Friday, June 5, 2015

Tafsir Muslim Negarawan

Tafsir Resmi "MUSLIM NEGARAWAN"

Lokakarya Departemen Kaderisasi akhir Desember tahun 2005 dan awal 2006 atau lebih tepatnya pada tanggal 1 Muharam 1427 H yang diselenggarakan di Situ Gunung Sukabumi menyepakati rumusan profil ideal kader KAMMI, yakni mewujudkan kader Muslim Negarawan. Profil Muslim Negarawan ini adalah interpretasi dari sosok ‘Pemimpin Masa Depan yang Tangguh’ sebagaimana termaktub dalam Visi KAMMI. Pemimpin yang tangguh seperti apa yang ingin diwujudkan oleh KAMMI belum ada tafsir resminya sehingga wajar kemudian yang berkembang justru masing-masing menafsirkan sendiri-sendiri.
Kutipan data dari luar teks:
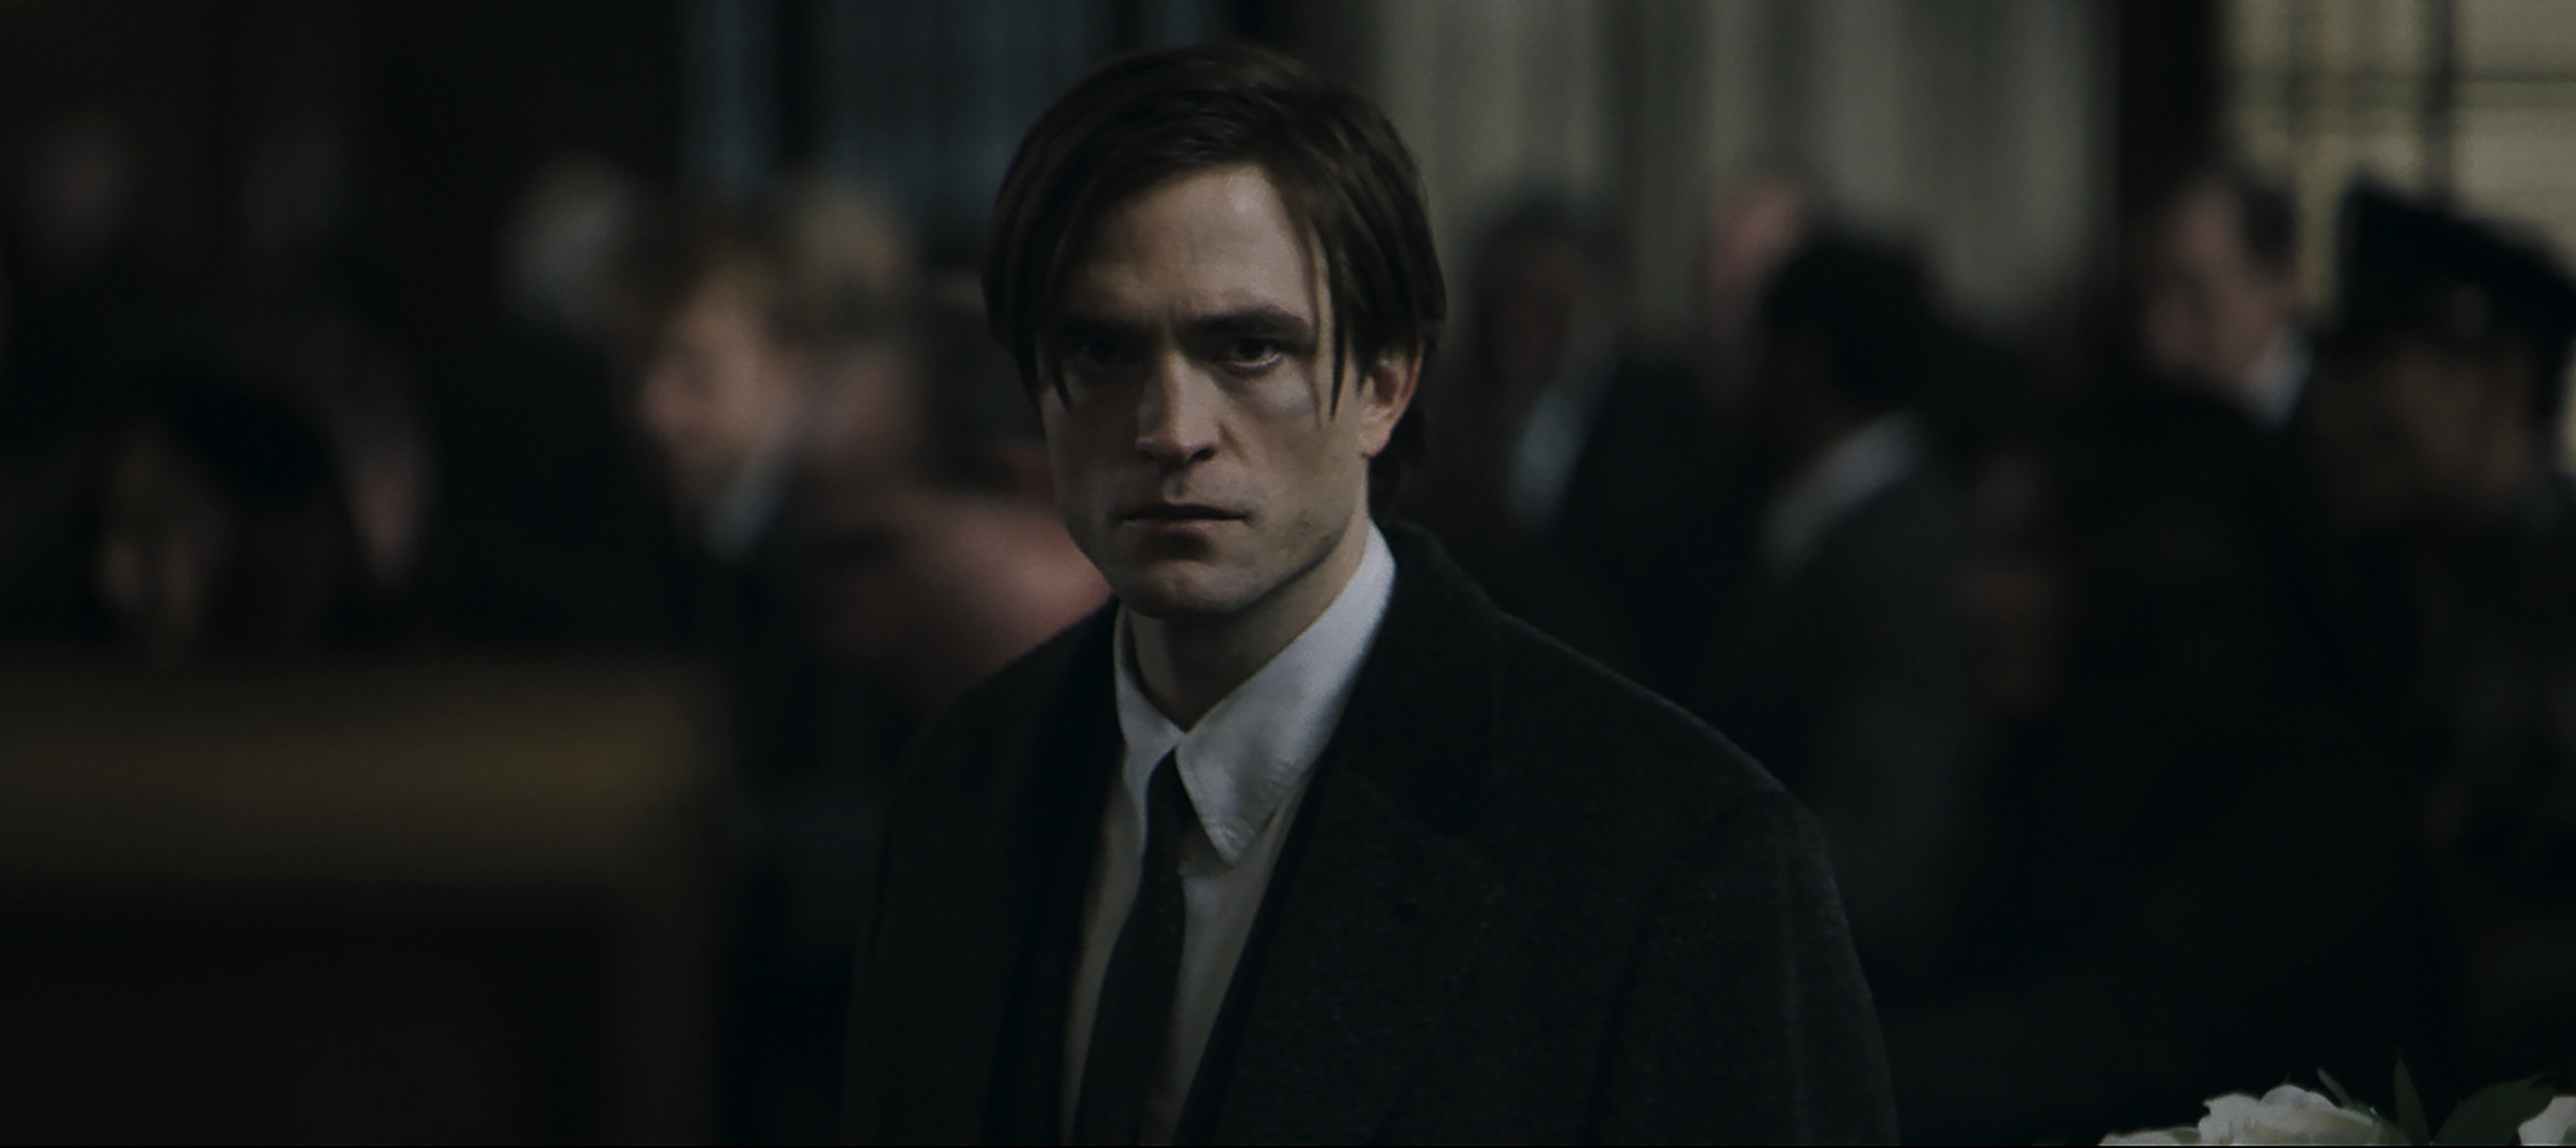 Robert Pattinson as Bruce Wayne in'The Batman,' which shut down production again following coronavirus concerns. (Photo: Warner Bros. Pictures/DC Comics)
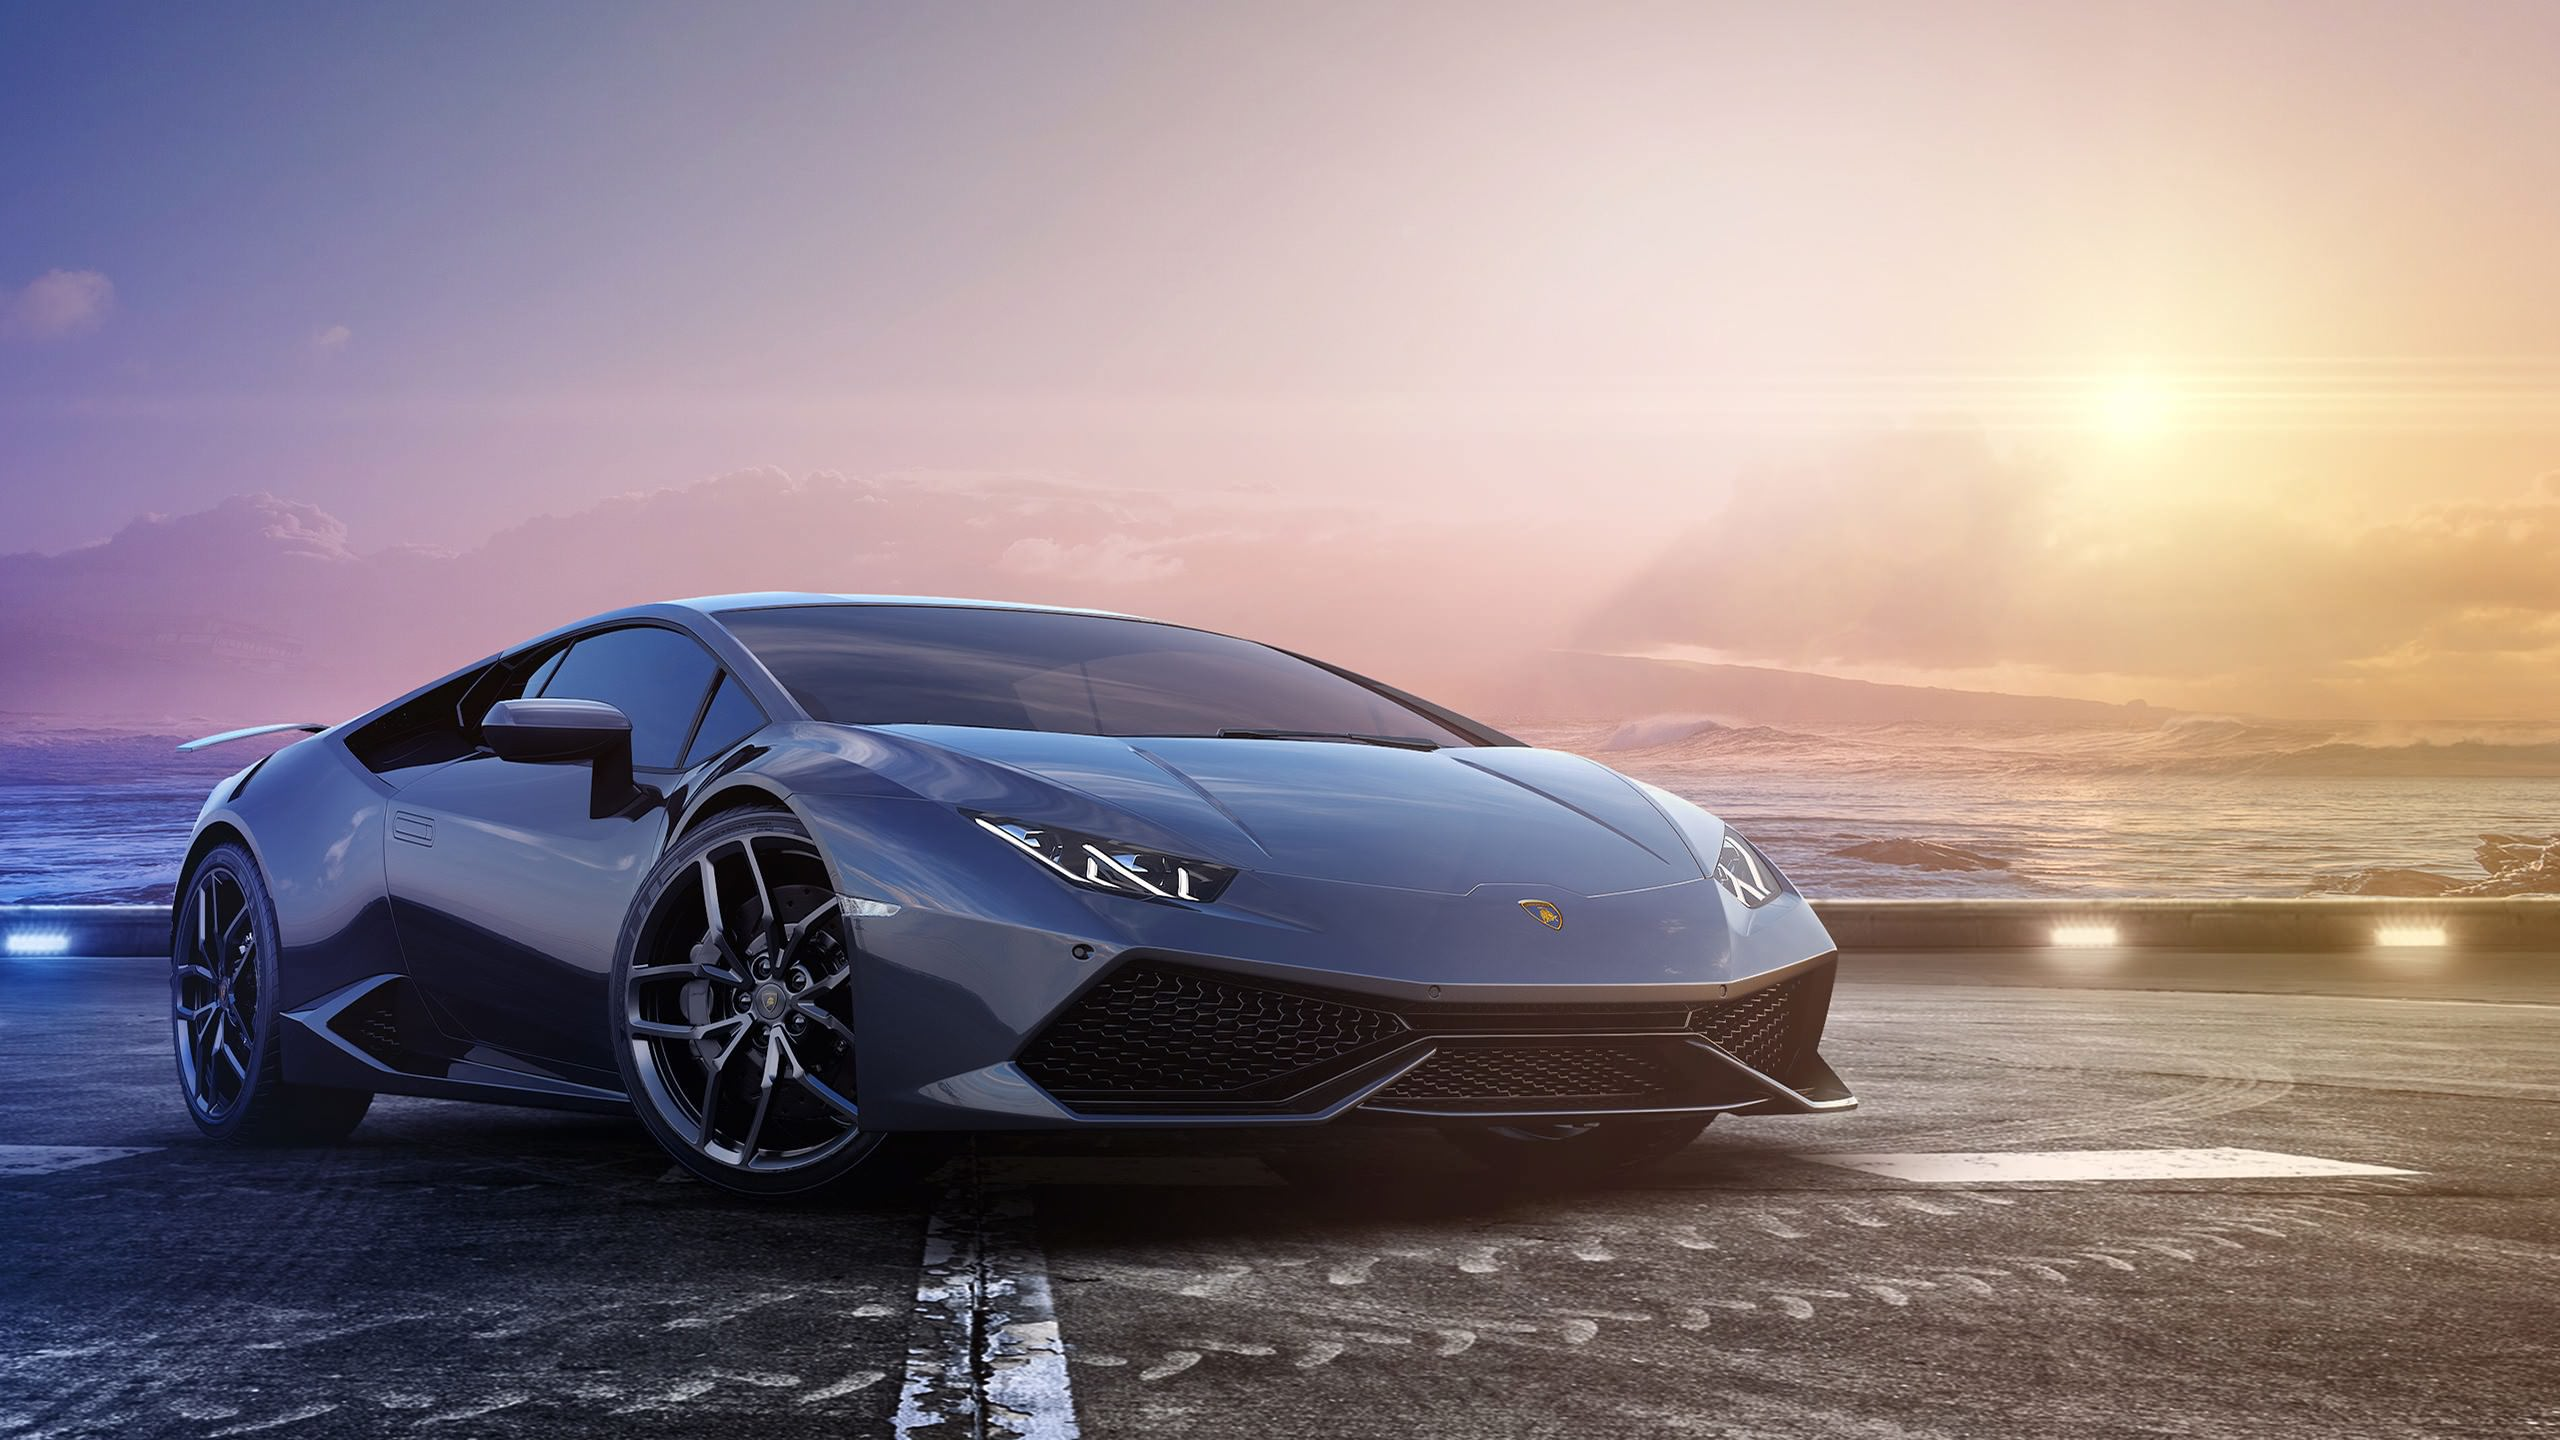 Lamborghini Wallpapers Top Free Lamborghini Backgrounds

Pentingnya tafsir resmi ini agar KAMMI memiliki patokan dasar dalam mengimplementasikan konsep yang diinginkan gerakan. Dengan memiliki patokan dasar yang resmi maka mengevaluasi hasil-hasilnya pun dapat dipertanggungjawabkan secara kolektif bahkan dapat diukur pencapaiannya.

Mengapa Muslim Negarawan?

Istilah Muslim Negarawan merupakan frase yang terdiri dari kata Muslim dan Negarawan. Dua kata ini bermakna netral yakni, muslim, merujuk pada manusia yang beragama Islam dan negarawan merujuk pada kualitas pemimpin puncak sebuah Negara. Mengapa Negarawan? Apa bedanya dengan bangsawan?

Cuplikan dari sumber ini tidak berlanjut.